Top of Data section
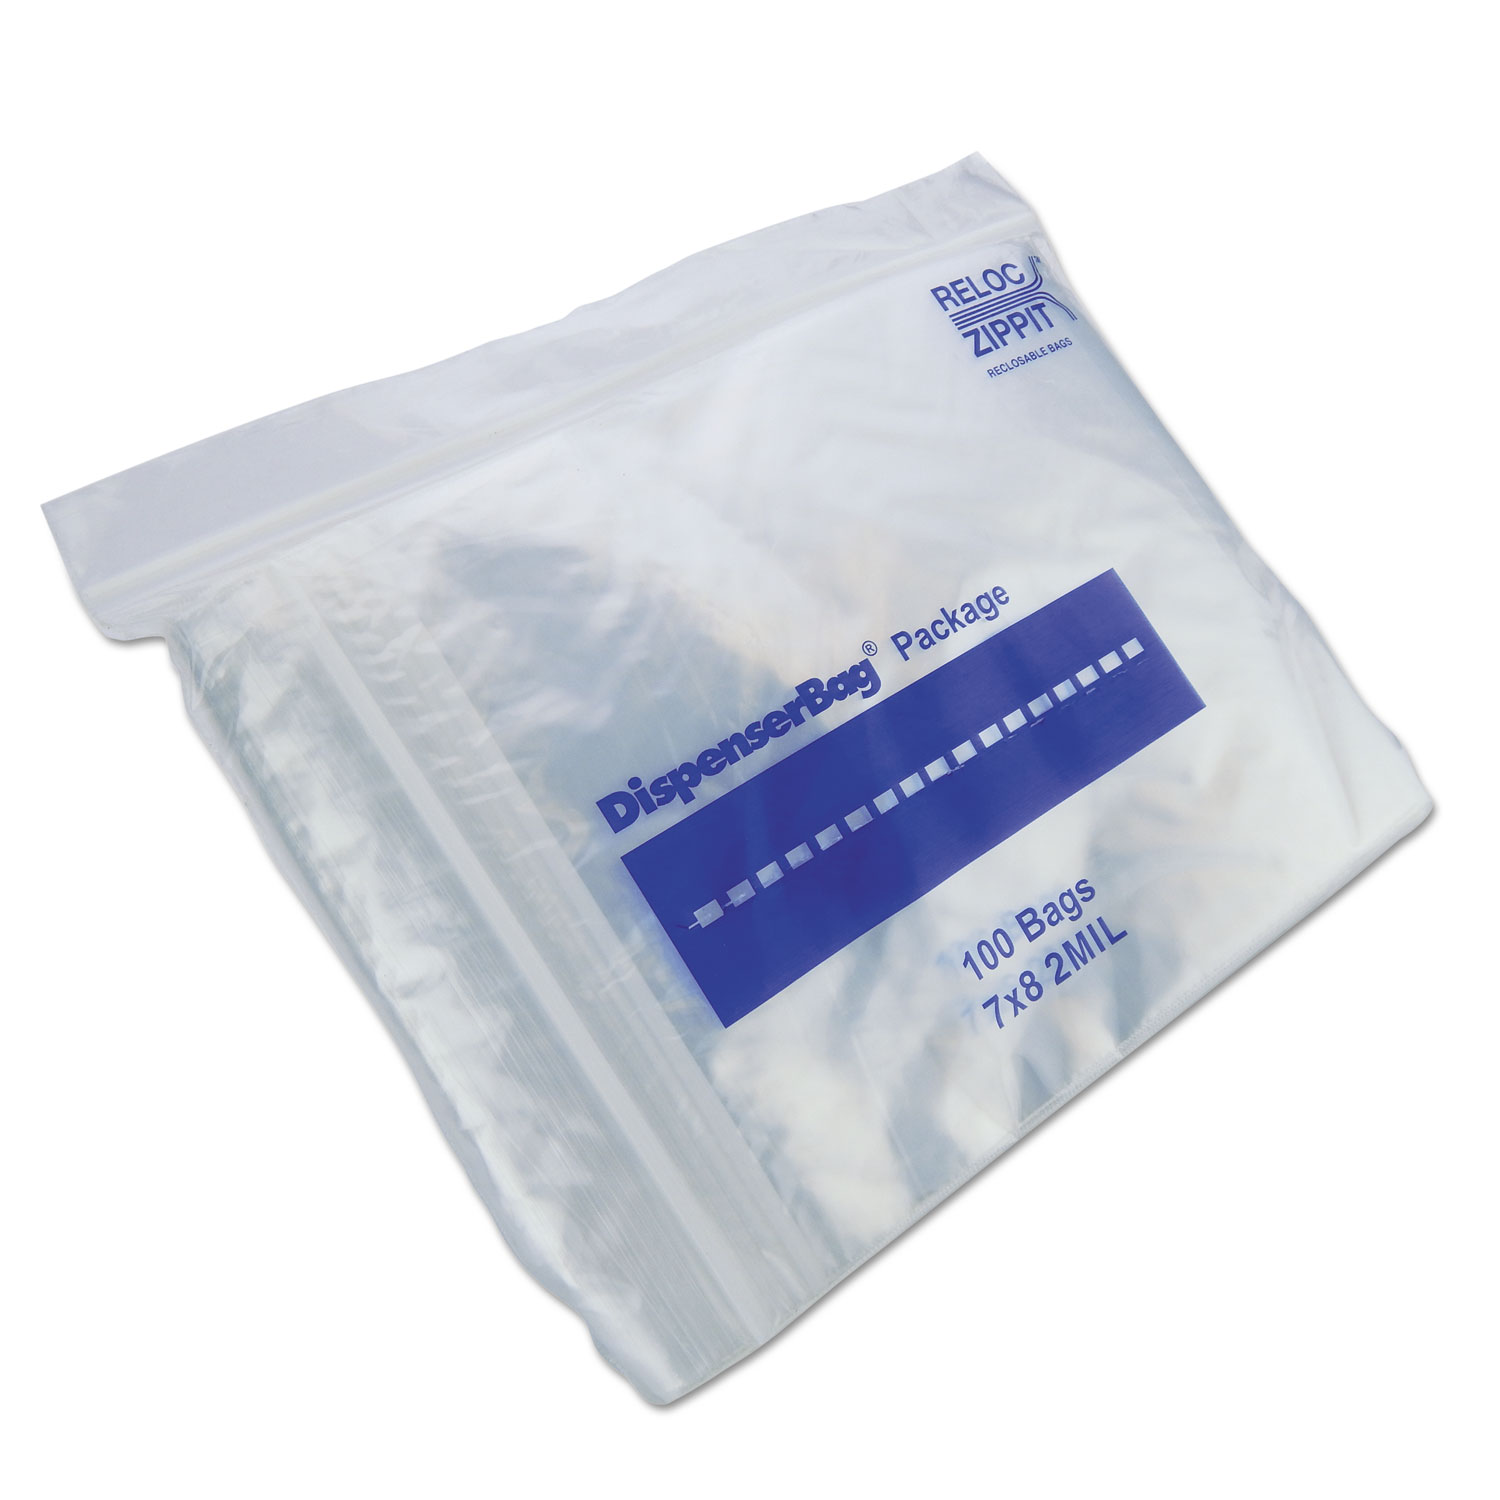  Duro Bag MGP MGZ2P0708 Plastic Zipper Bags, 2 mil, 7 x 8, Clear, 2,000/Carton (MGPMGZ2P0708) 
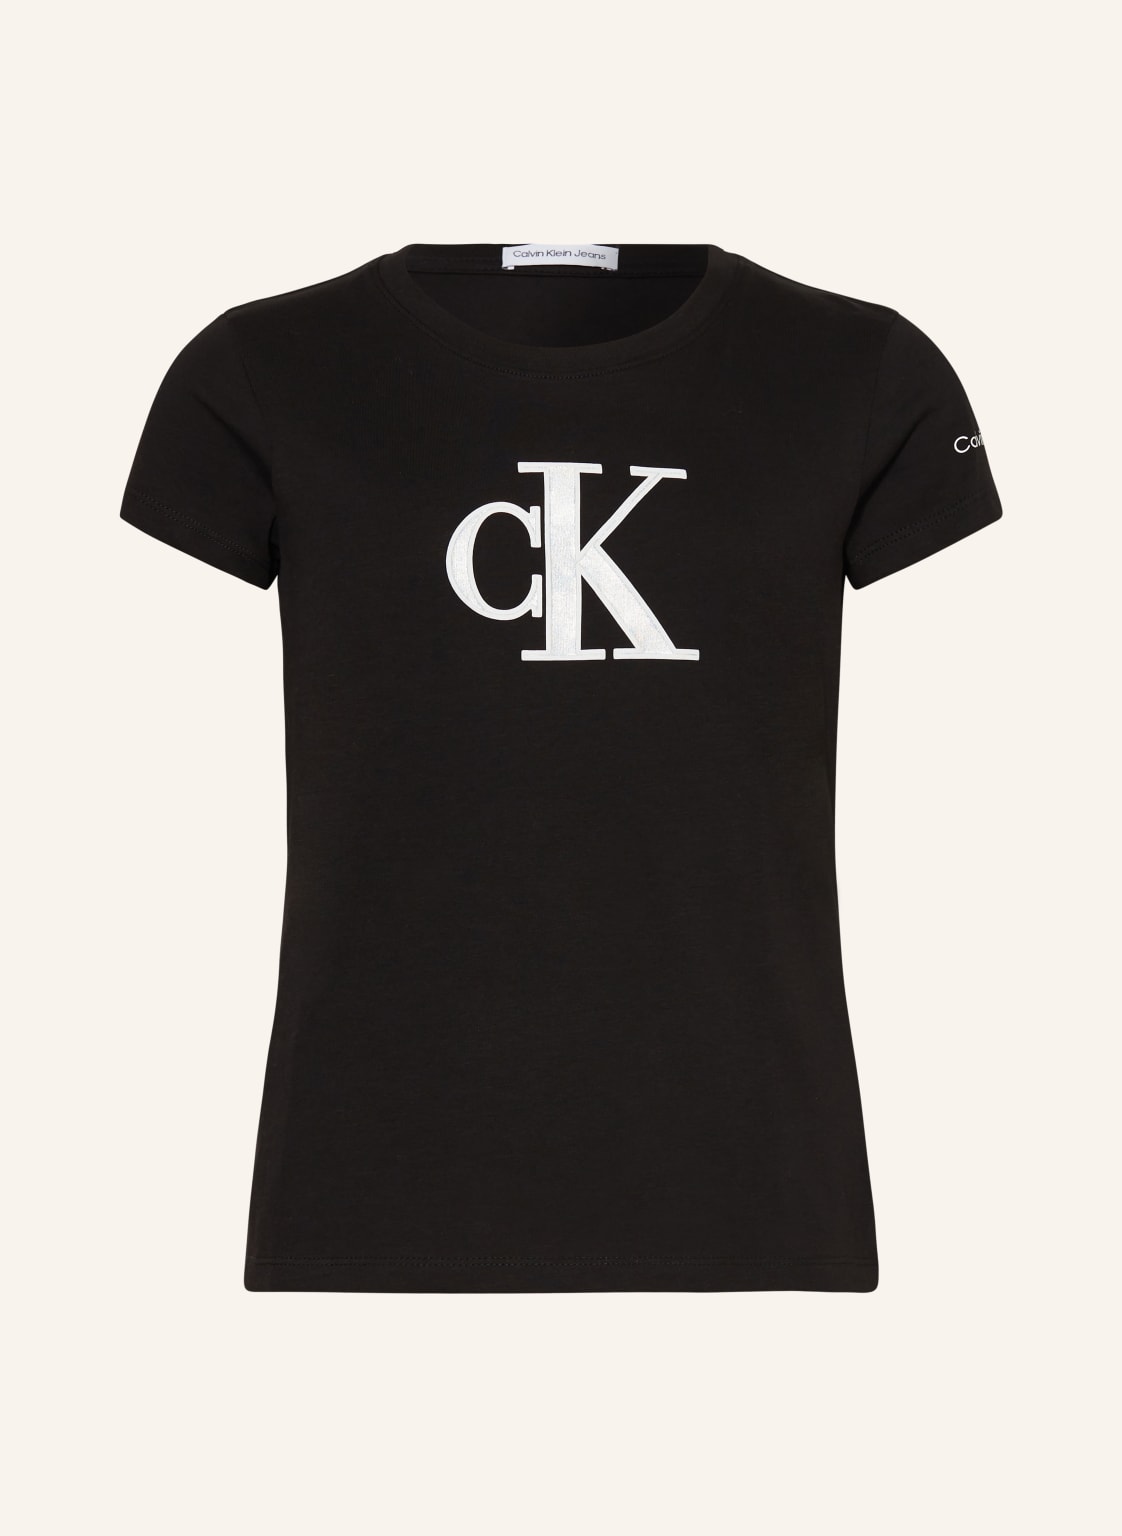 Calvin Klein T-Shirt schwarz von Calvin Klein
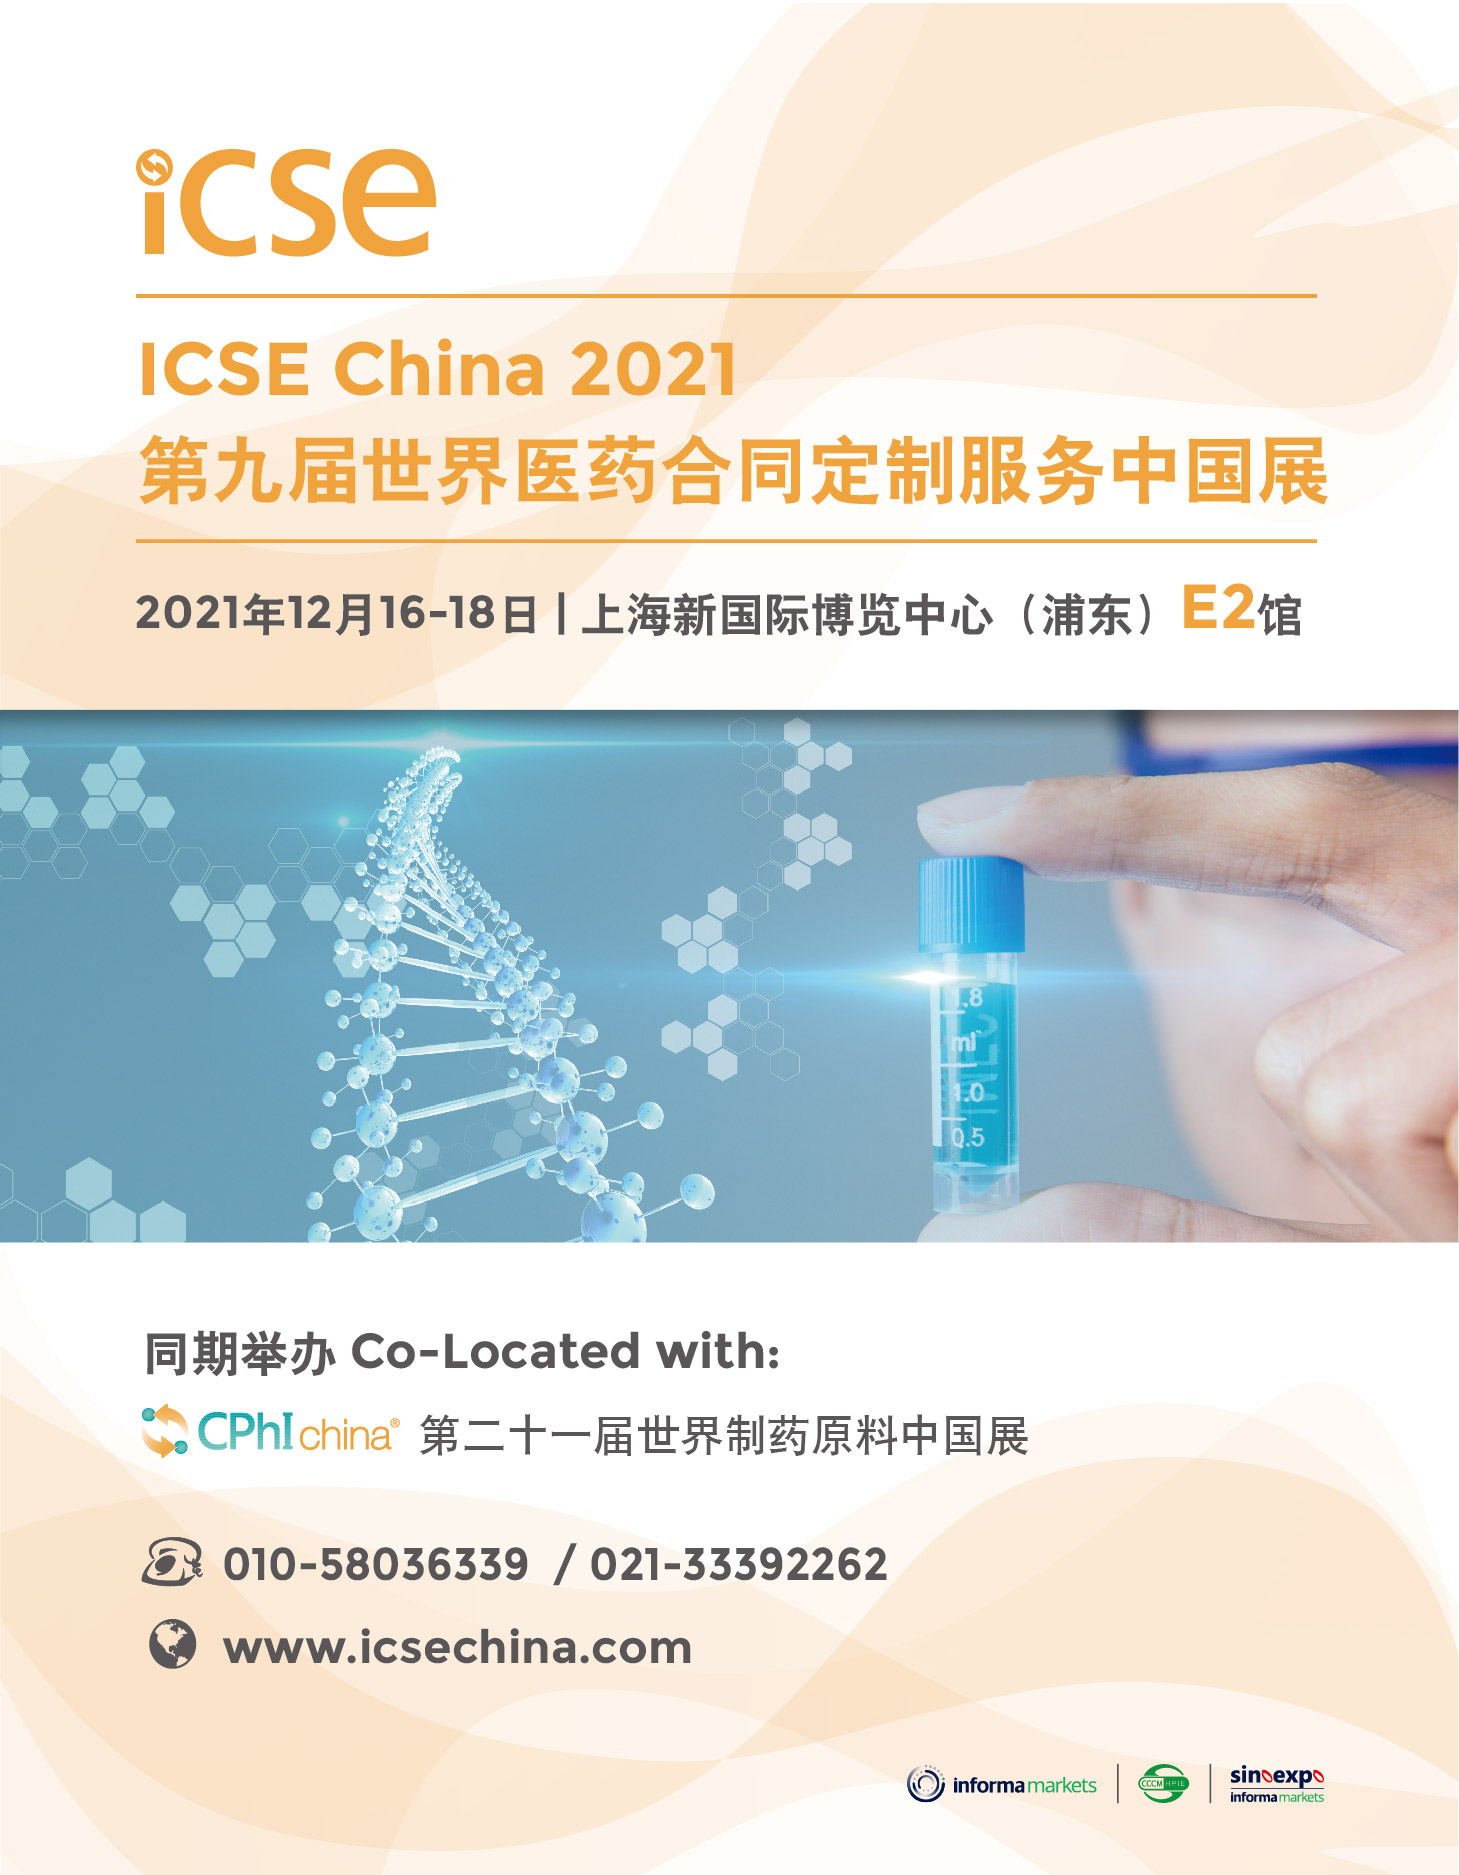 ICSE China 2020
Bottom of Data section
Work required: Transcribe all data precisely. Pictures are not copied.

Solution to the exercise:
  Duro Bag MGP MGZ2P0708 Plastic Zipper Bags, 2 mil, 7 x 8, Clear, 2,000/Carton (MGPMGZ2P0708) 
 Calvin Klein T-Shirt schwarz von Calvin Klein
 ICSE China 2020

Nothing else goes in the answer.